A debt consolidation loan can be a smart financial move if:
- You qualify for a lower interest rate than your current debts.
- You prefer a fixed payment schedule with a set payoff date.
- You’re committed to not taking on new debt while paying off the loan.
However, if the new loan results in higher overall costs or longer repayment terms, exploring other debt repayment strategies may be a better choice.
Frequently Asked Questions
1. Will a debt consolidation loan lower my monthly payments?
Yes, in many cases, a debt consolidation loan can reduce your monthly payments by offering a lower interest rate or extending your repayment term. However, extending the loan term may result in paying more interest over time.
2. Can I get a debt consolidation loan with bad credit?
Yes, some lenders offer debt consolidation loans for borrowers with bad credit, but these may come with higher interest rates. Improving your credit score before applying or using a co-signer can help you secure better terms.
3. How long does it take to get approved for a debt consolidation loan?
Approval times vary by lender. Some online lenders provide same-day or next-day approvals, while traditional banks and credit unions may take a few days to a week to process an application.

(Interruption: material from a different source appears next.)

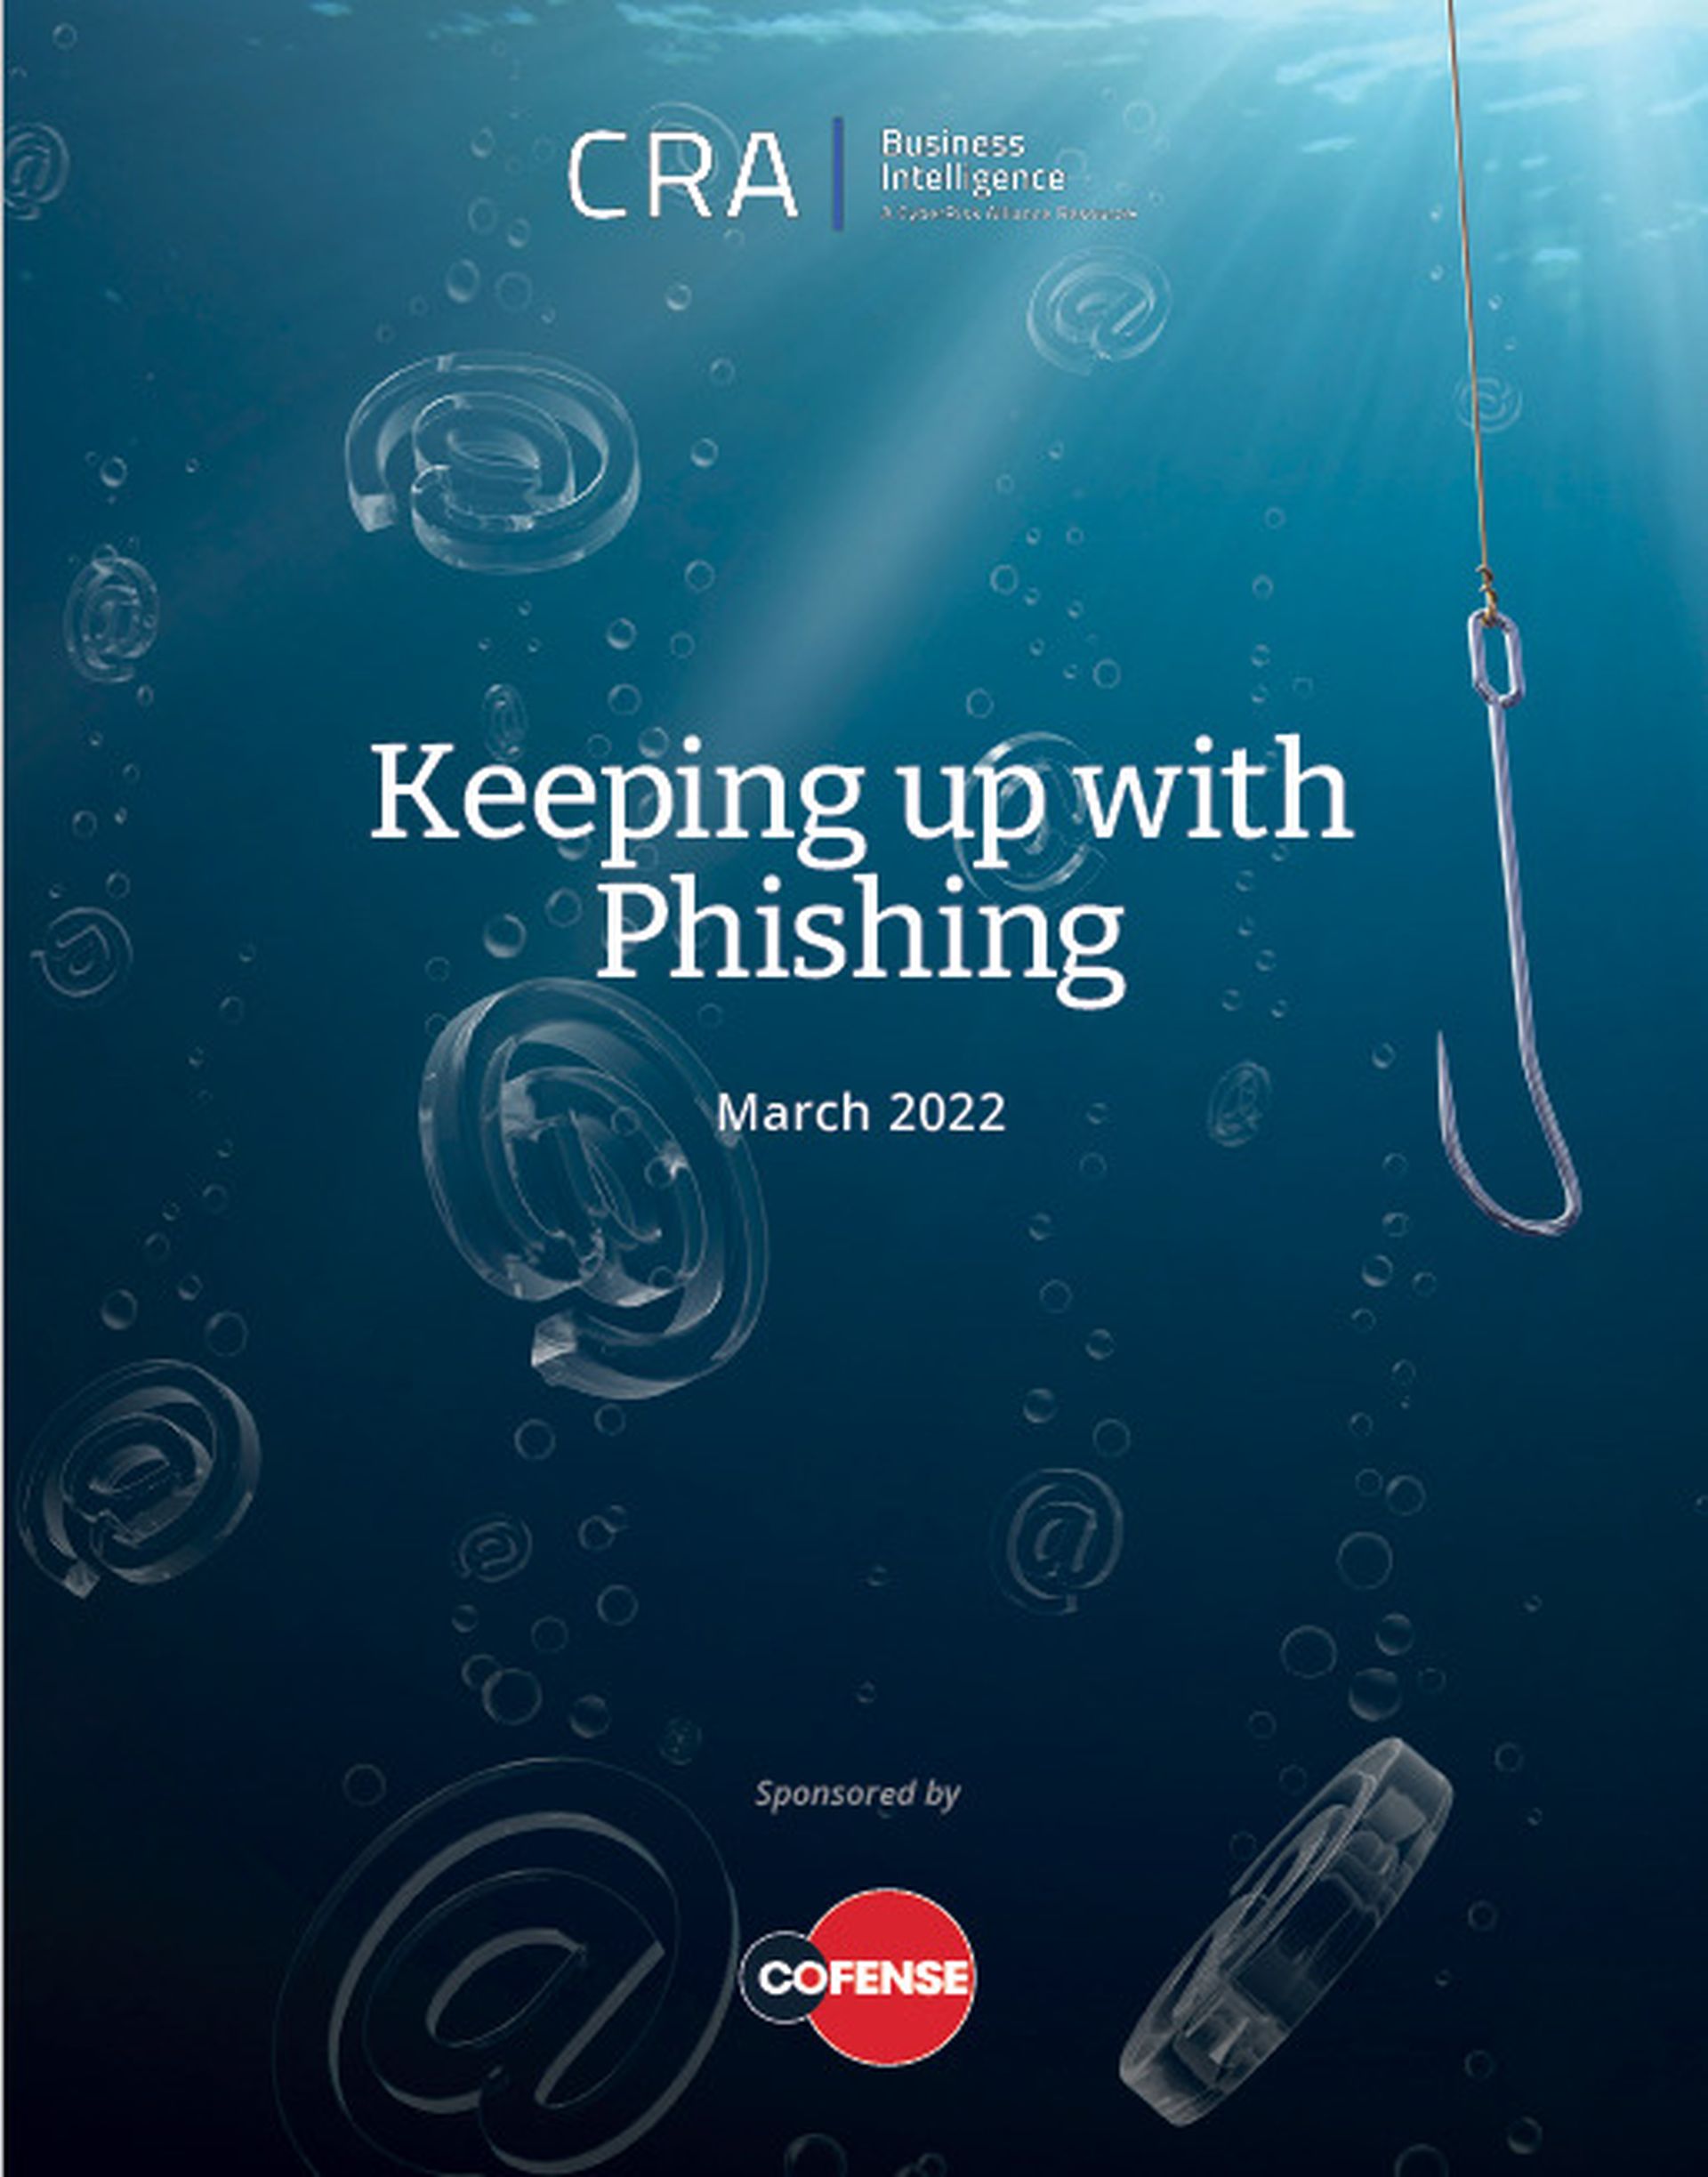 CRA Study: Global Phishing Incidents Increasingly Driven by Ransomware Gangs
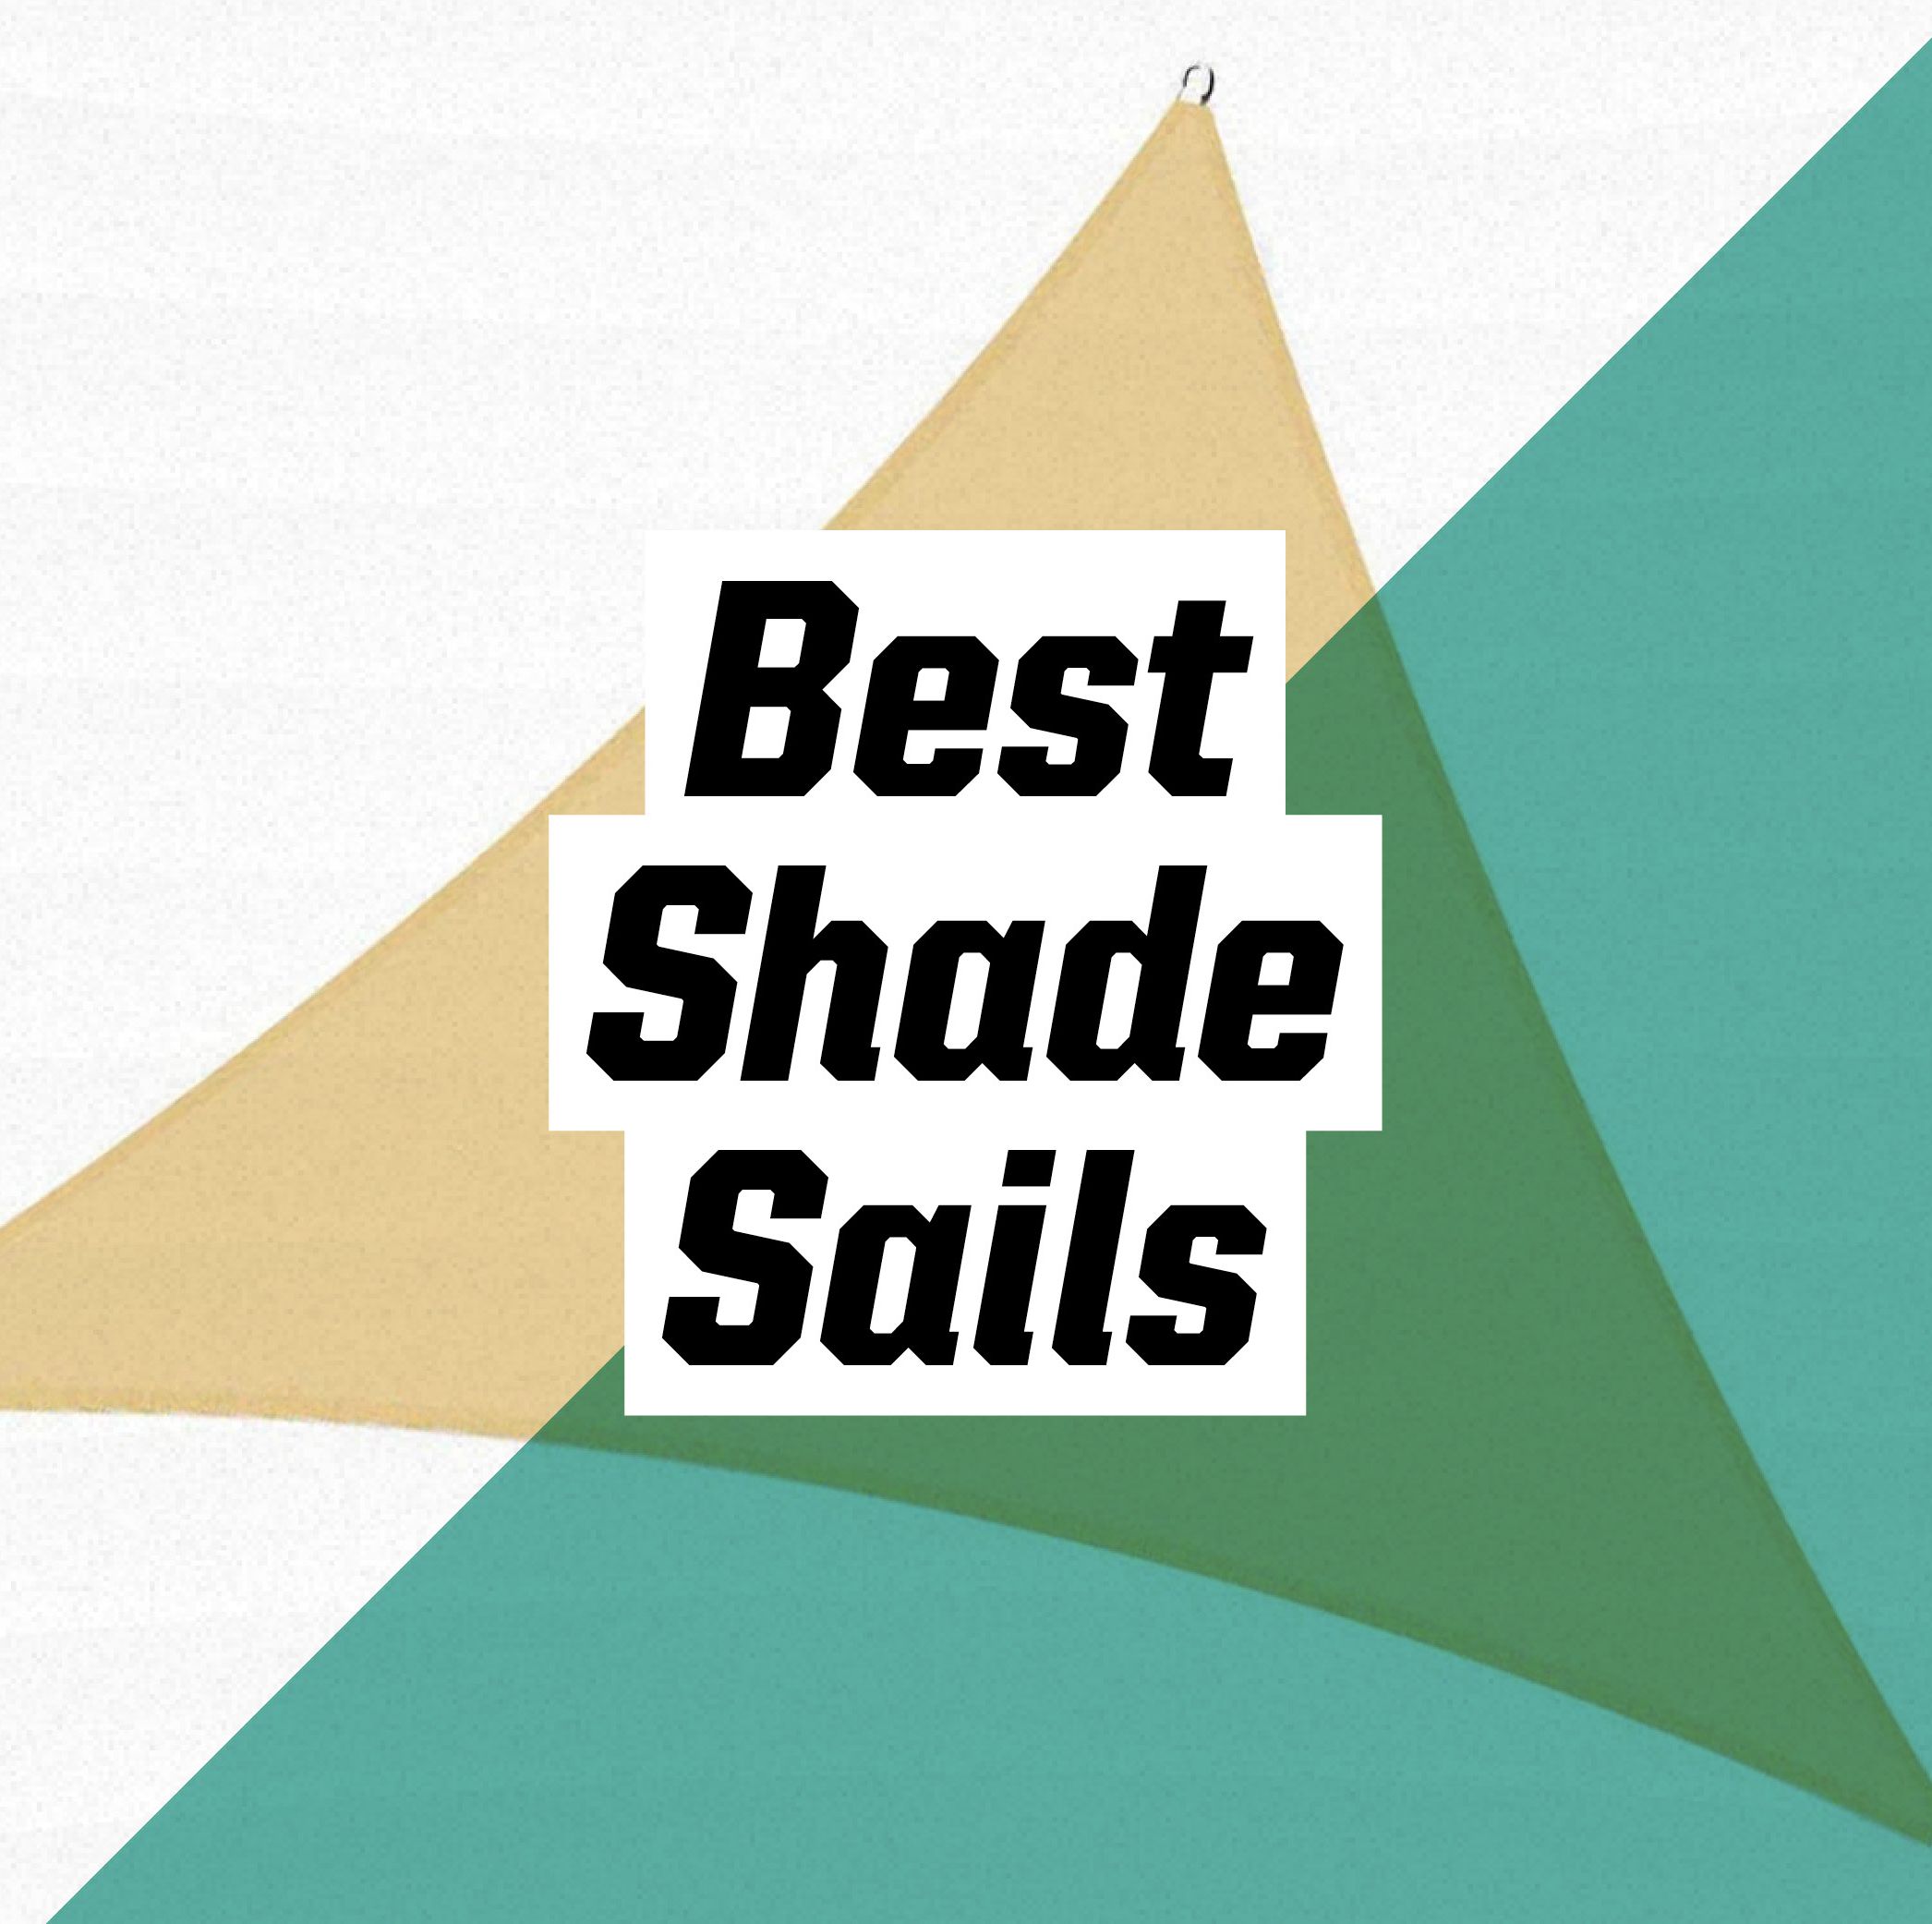 The 10 Best Shade Sails to Beat the Summer Heat

4. Will a debt consolidation loan affect my credit score?
Yes, applying for a loan results in a hard credit inquiry, which may temporarily lower your score. However, consolidating debt can improve your score in the long run if you make on-time payments and reduce your overall credit utilization.
5. What types of debt can I consolidate with a debt consolidation loan?
Debt consolidation loans are typically used for unsecured debts, such as:
- Credit card balances
- Personal loans
- Medical bills
- Payday loans
Secured debts, like mortgages or auto loans, are usually not eligible for debt consolidation.